### Data below

★ ★ ★ ★

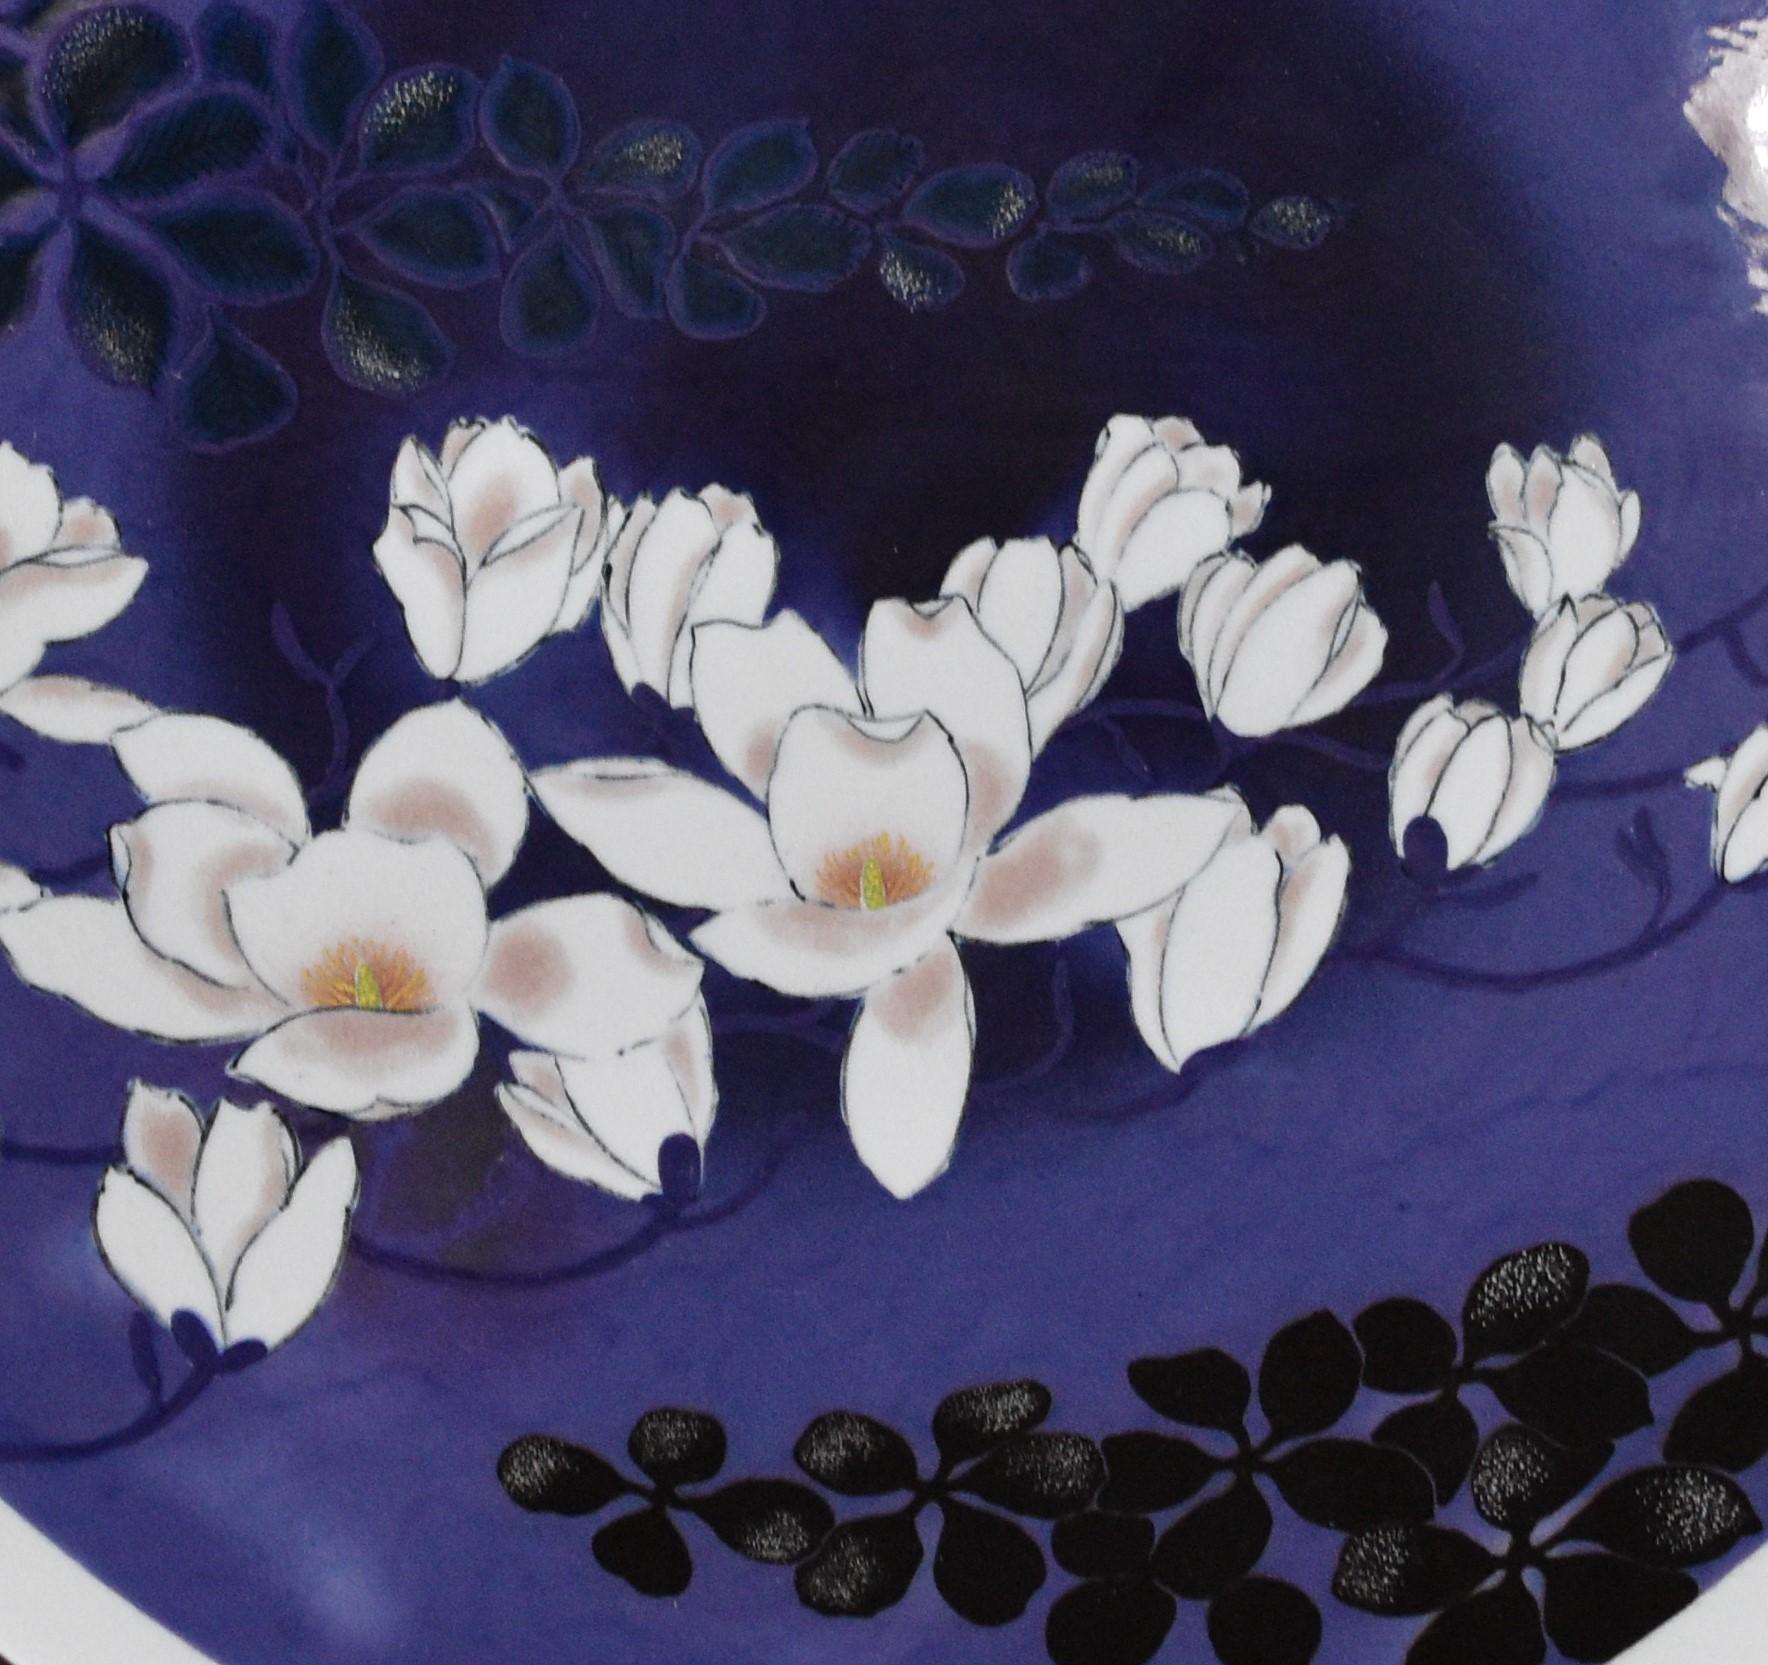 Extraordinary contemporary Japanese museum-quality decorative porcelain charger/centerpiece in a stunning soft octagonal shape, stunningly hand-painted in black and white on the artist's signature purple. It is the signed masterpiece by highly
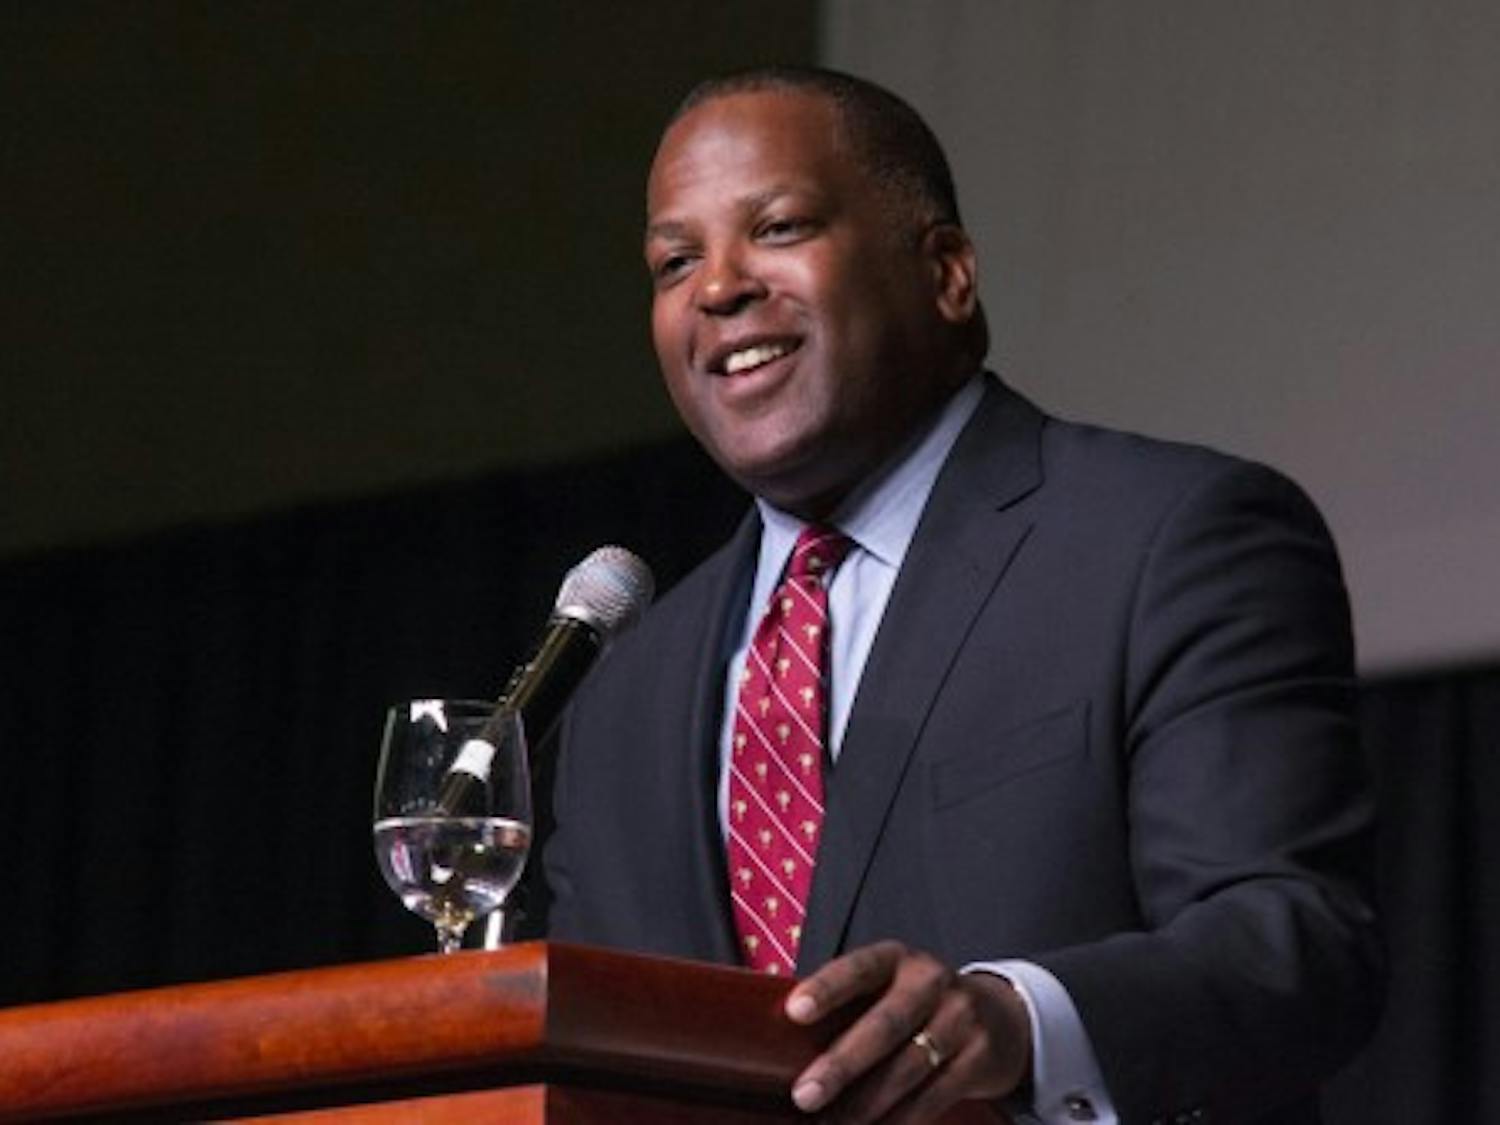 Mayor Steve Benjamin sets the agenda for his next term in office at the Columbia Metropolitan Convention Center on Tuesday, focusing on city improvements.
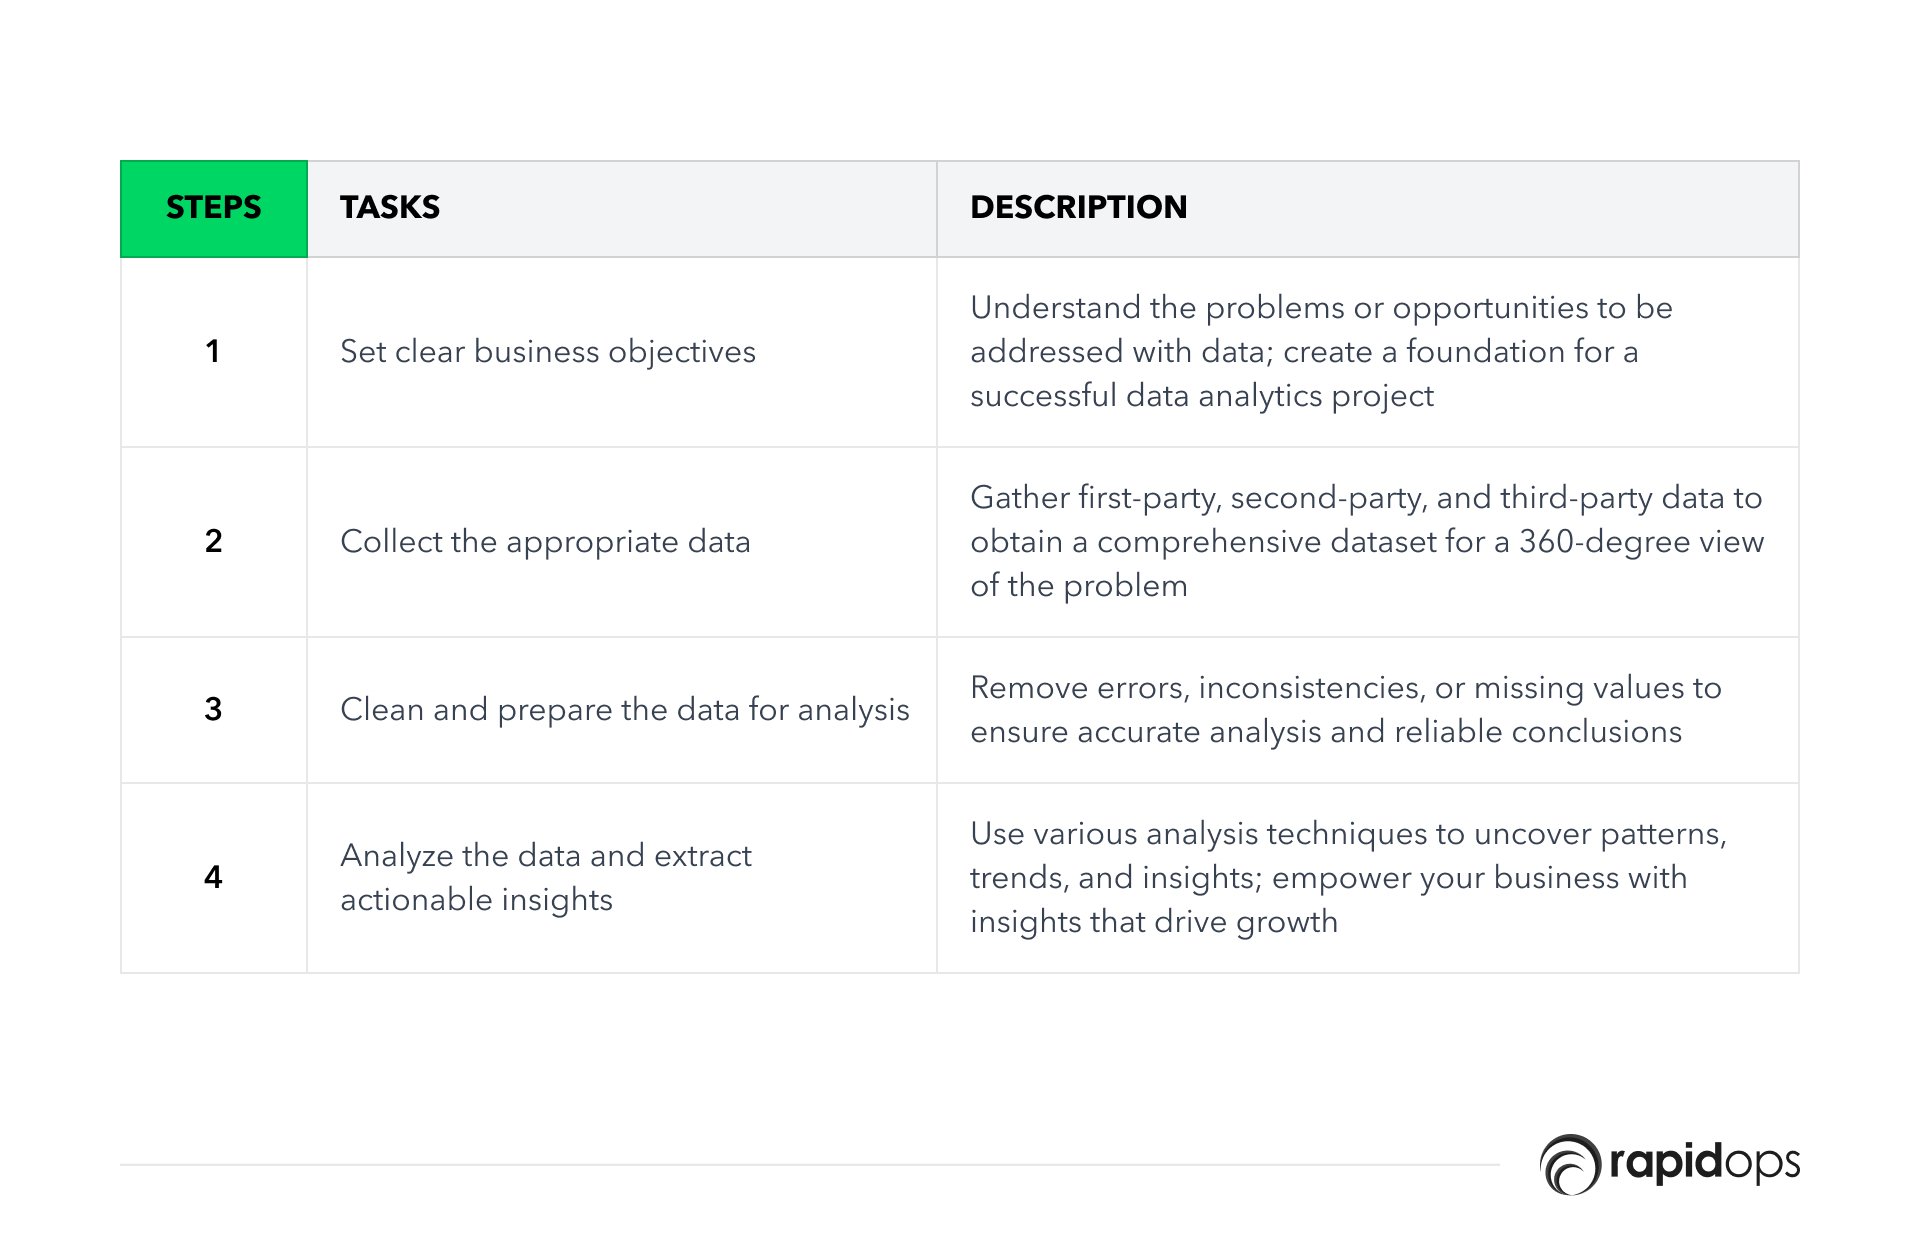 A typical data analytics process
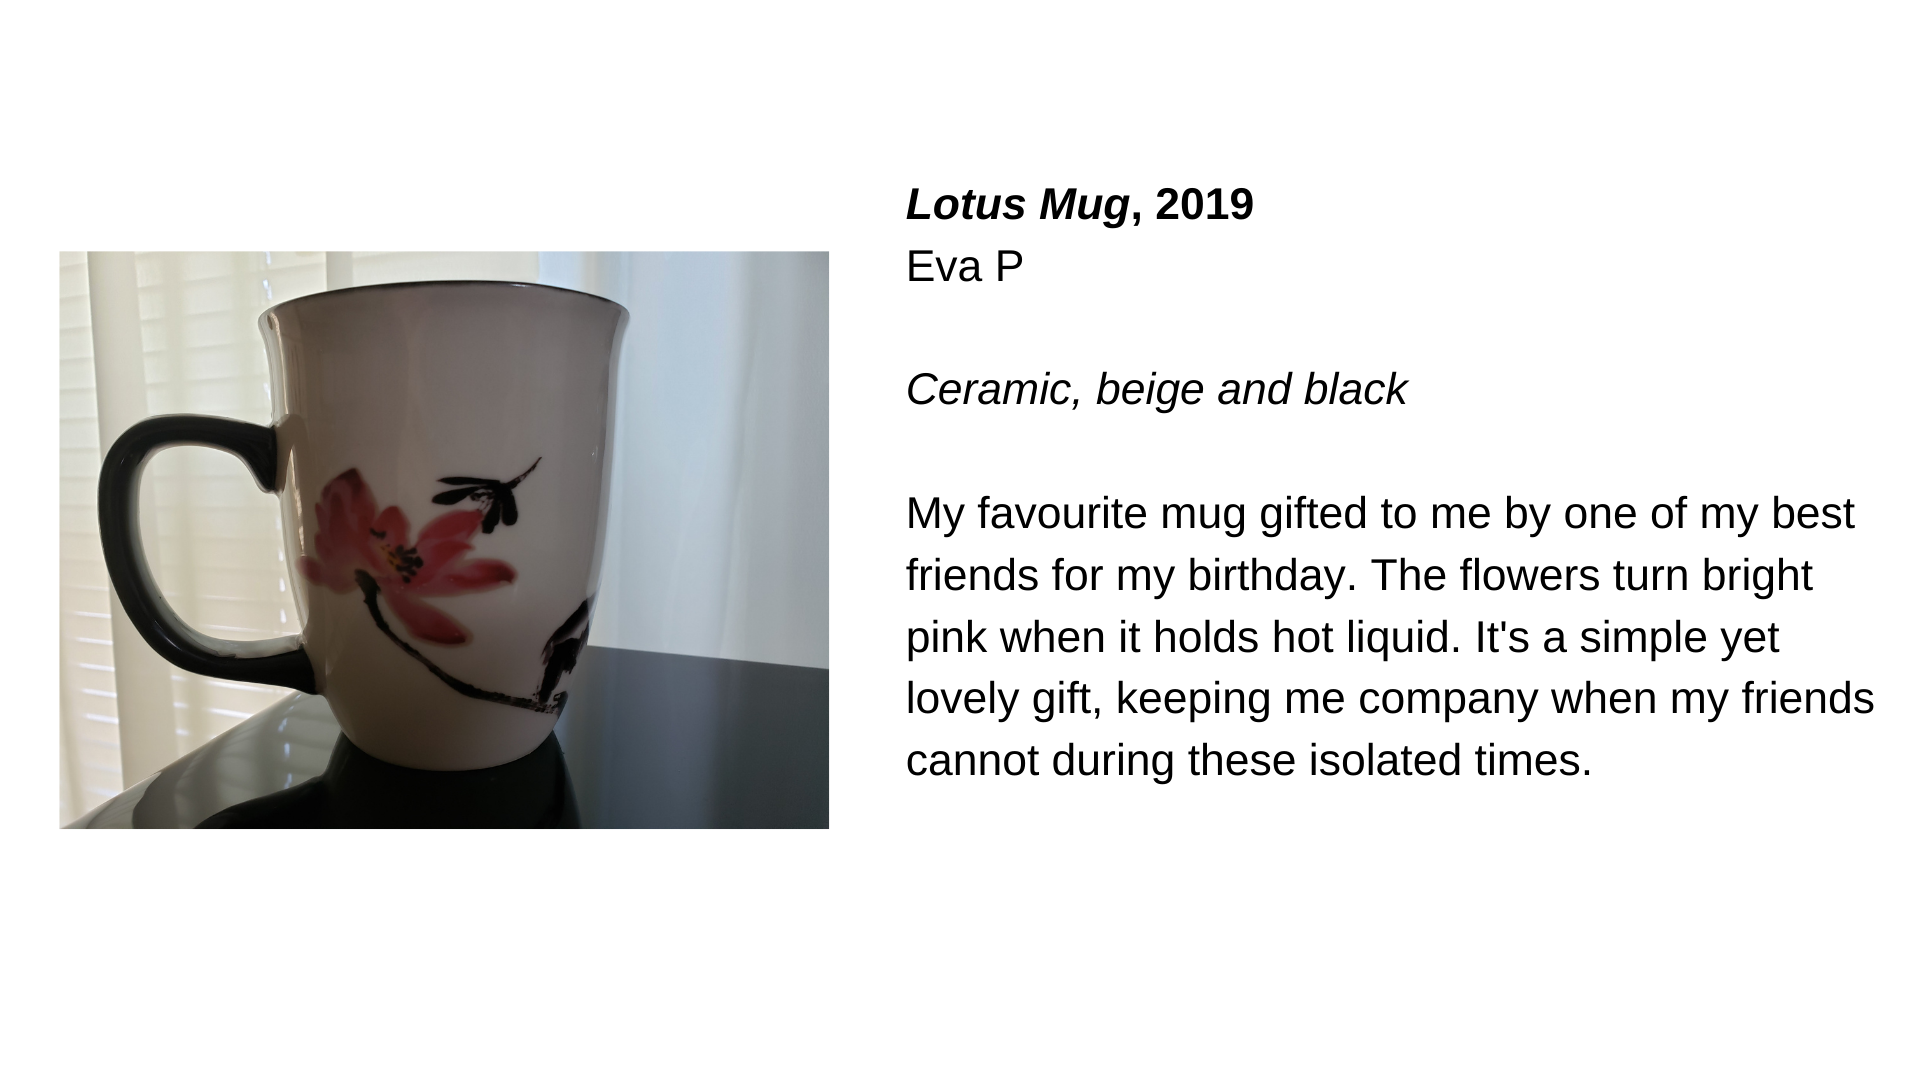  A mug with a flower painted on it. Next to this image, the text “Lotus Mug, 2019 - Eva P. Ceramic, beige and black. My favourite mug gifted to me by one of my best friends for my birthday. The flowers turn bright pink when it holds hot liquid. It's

★ ★ ★ ★

Copy each line above exactly. Images do not belong in the copy.

 Extraordinary contemporary Japanese museum-quality decorative porcelain charger/centerpiece in a stunning soft octagonal shape, stunningly hand-painted in black and white on the artist's signature purple. It is the signed masterpiece by highly
 Mayor Steve Benjamin sets the agenda for his next term in office at the Columbia Metropolitan Convention Center on Tuesday, focusing on city improvements.
 A typical data analytics process
  A mug with a flower painted on it. Next to this image, the text “Lotus Mug, 2019 - Eva P. Ceramic, beige and black. My favourite mug gifted to me by one of my best friends for my birthday. The flowers turn bright pink when it holds hot liquid. It's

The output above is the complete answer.